Figure 5. Case Study: 87 year-old man with two heart failure readmissions. ECF, extracellular fluid; ICF, intracellular fluid; TBW, total body water; ECF%TBW, extracellular fluid as a percentage of total body water; mg, milligram; po, oral; qd, daily; L, liters; kg, kilograms; BIS, bioimpedance spectroscopy; SNF, skilled nursing facility. The red line at 51% ECF%TBW indicates the transition from elevated fluid volume to fluid overload.
Discussion
Monitoring strategies and development of novel markers to guide HF management remain elusive (30, 31). Current standards of care to assess volume status include monitoring patient weight, physical exam findings, and resolution of symptoms. These methods are often insensitive and may not provide adequate warning of impending decompensation (32). Implanted pulmonary artery pressure monitoring systems have been shown to decrease rates of hospitalization and improve quality of life (33–35), but require an invasive procedure for implantation with associated risks and cost. Accurate tracking of fluid volume fluctuations has been shown to be helpful for the individualized management of diuretic therapy, which remains a cornerstone of HF management (36, 37).
Formulae for calculating estimated plasma volume status (ePVS) have been shown to correlate well with gold-standard radioisotope assay measures of plasma volume (PV). Examples include Strauss' formula (for change in ePVS), Duarte's formula [ePVS = (100 – hematocrit (%) / hemoglobin (g/dL)], and the Hakim formula [ePVS = ((actual PVS – ideal PV) / ideal PV) * 100]. These calculations utilize hematocrit, hemoglobin, and body weight and thereby avoid the complex, costly, and logistically challenging radioisotope quantification of PV. Reliance upon “dry” body weight—which is difficult to measure in the setting of heart and/or kidney failure—is a potential limitation of the Hakim formula. Associations of ePVS with clinical outcomes in heart failure were recently reviewed by Kobayashi et al. (38) who conclude that initial data are encouraging and warrant investigation in adequately powered prospective clinical trials.
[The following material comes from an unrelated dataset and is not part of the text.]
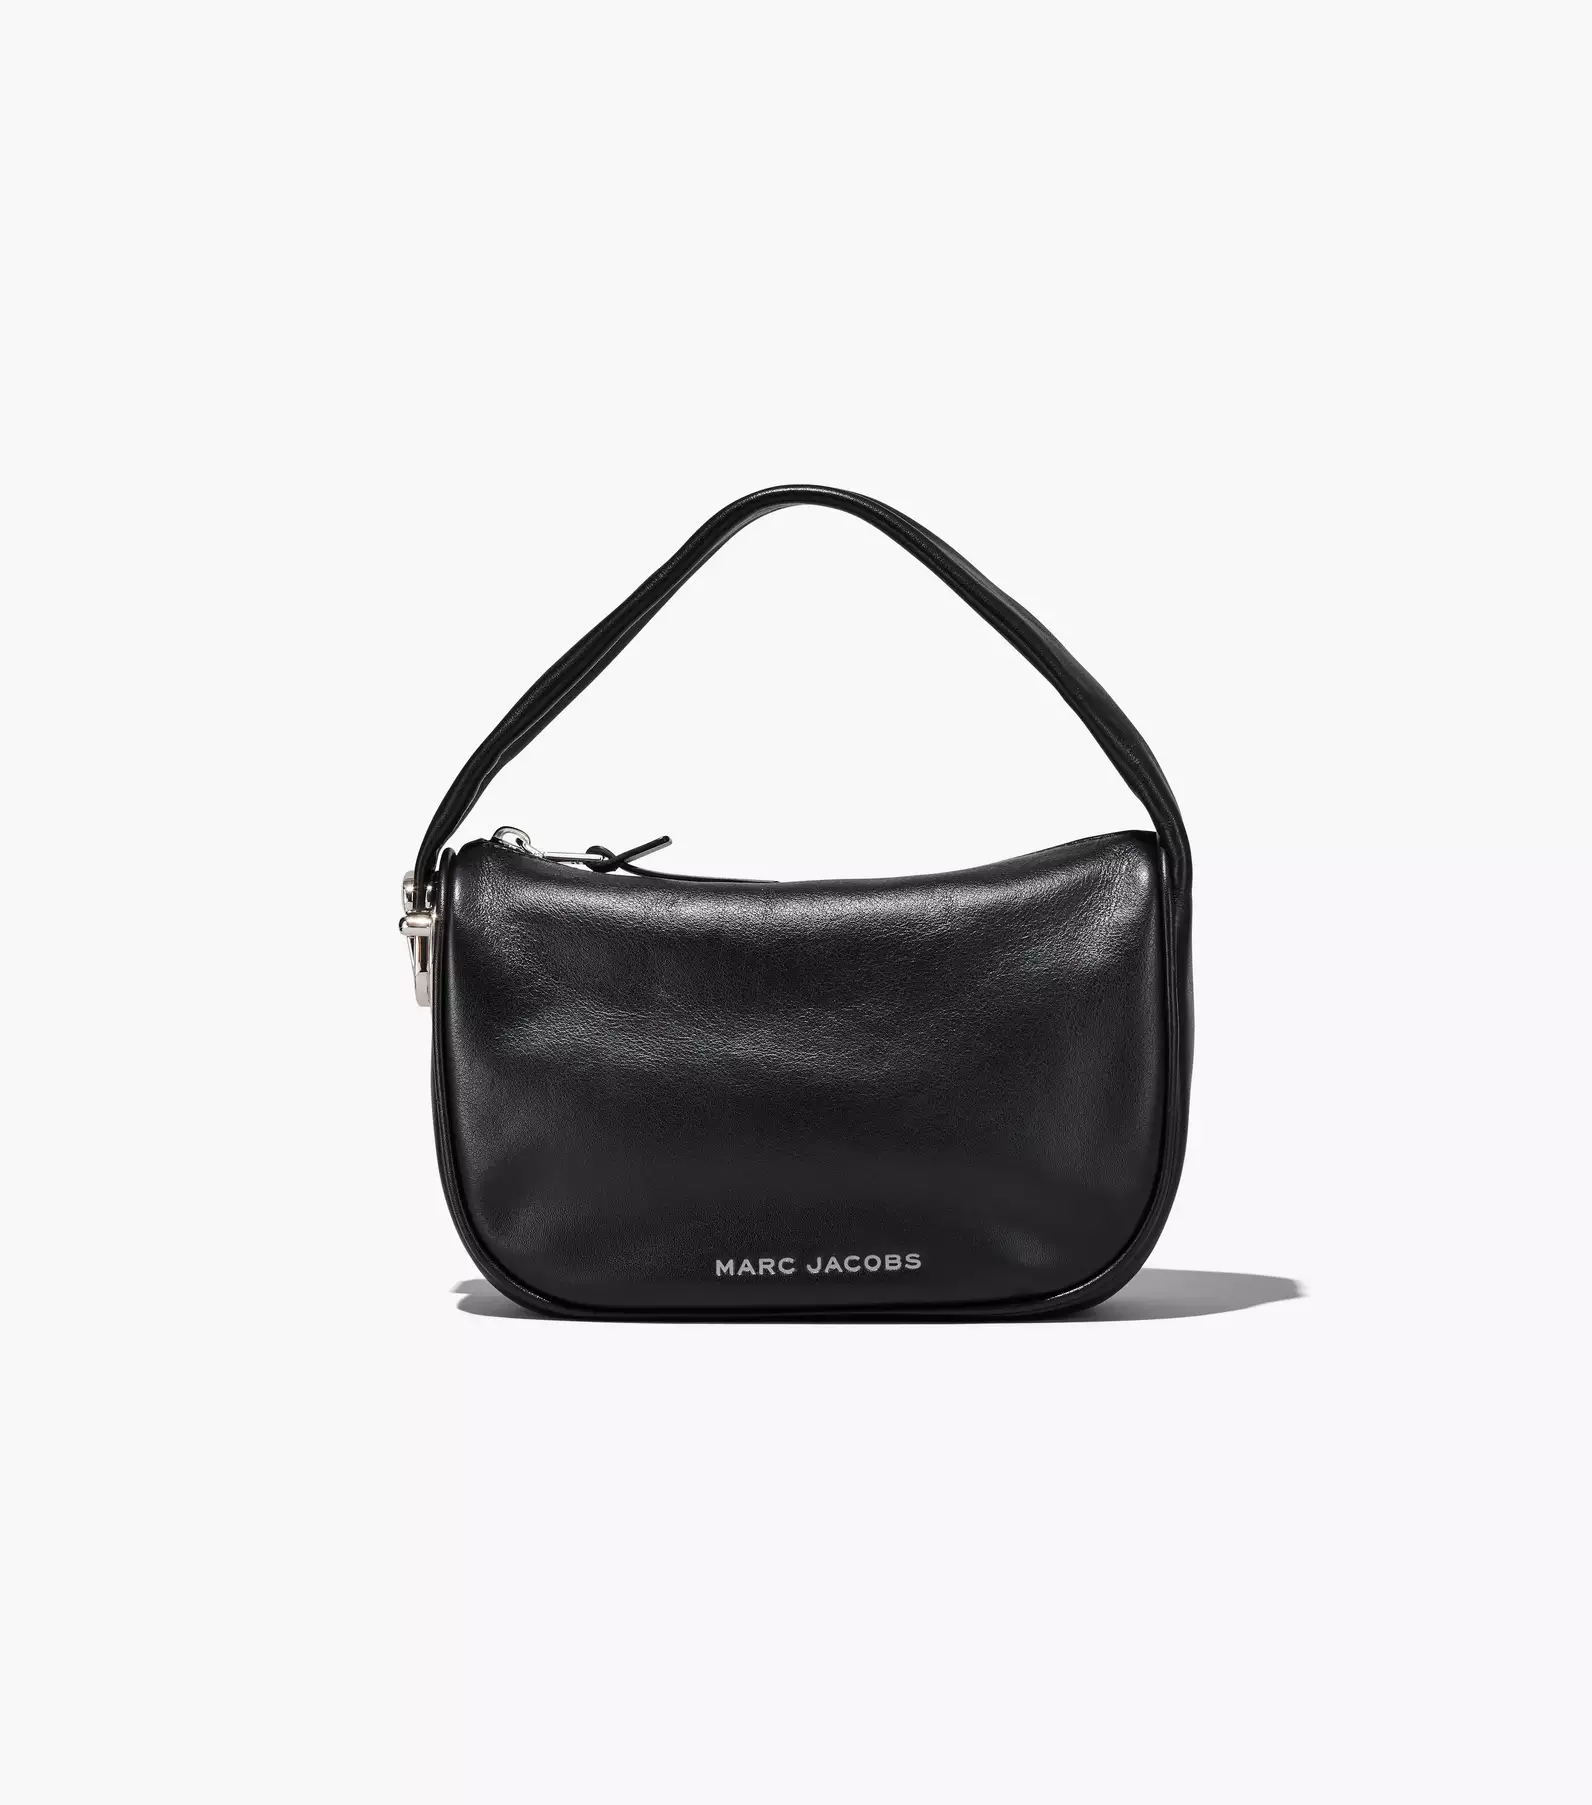  Over Earth Genuine Leather Small Hobo Crossbody Bags

Bedside lung ultrasound (LUS) is a relatively new method used to assess pulmonary congestion. Sonographic evaluation of the antero-lateral chest can detect extravascular lung fluid imaged as “B-lines.” Mottola et al. (39) used LUS to evaluate pulmonary edema in a single-center observational study of 36 patients during the early post-operative period following kidney transplant surgery. Horton and Collins (40) suggest that LUS may help discriminate between cardiogenic and non-cardiogenic causes of dyspnea in the emergency department.
In the present report, based on measurements from HF and healthy control populations, we describe three strata of BIS-measured ECF%TBW (Figure 3B) that may contribute to clinical risk stratification and may serve as a tool to help facilitate future outcomes research. BIS is rapid (~30 s per measurement) and non-invasive, so results can be used in real-time to assist with clinical decision making at the bedside, in the clinic, and potentially at home. Real-time availability is not practical with traditional ECF%TBW determination methods such as DEXA that requires a scan with ionizing radiation, and heavy water or bromide dilution that require special reagents and blood draws. This report is not intended to directly compare BIS to these techniques, but rather to describe a clinically relevant way to quantify fluid volume status.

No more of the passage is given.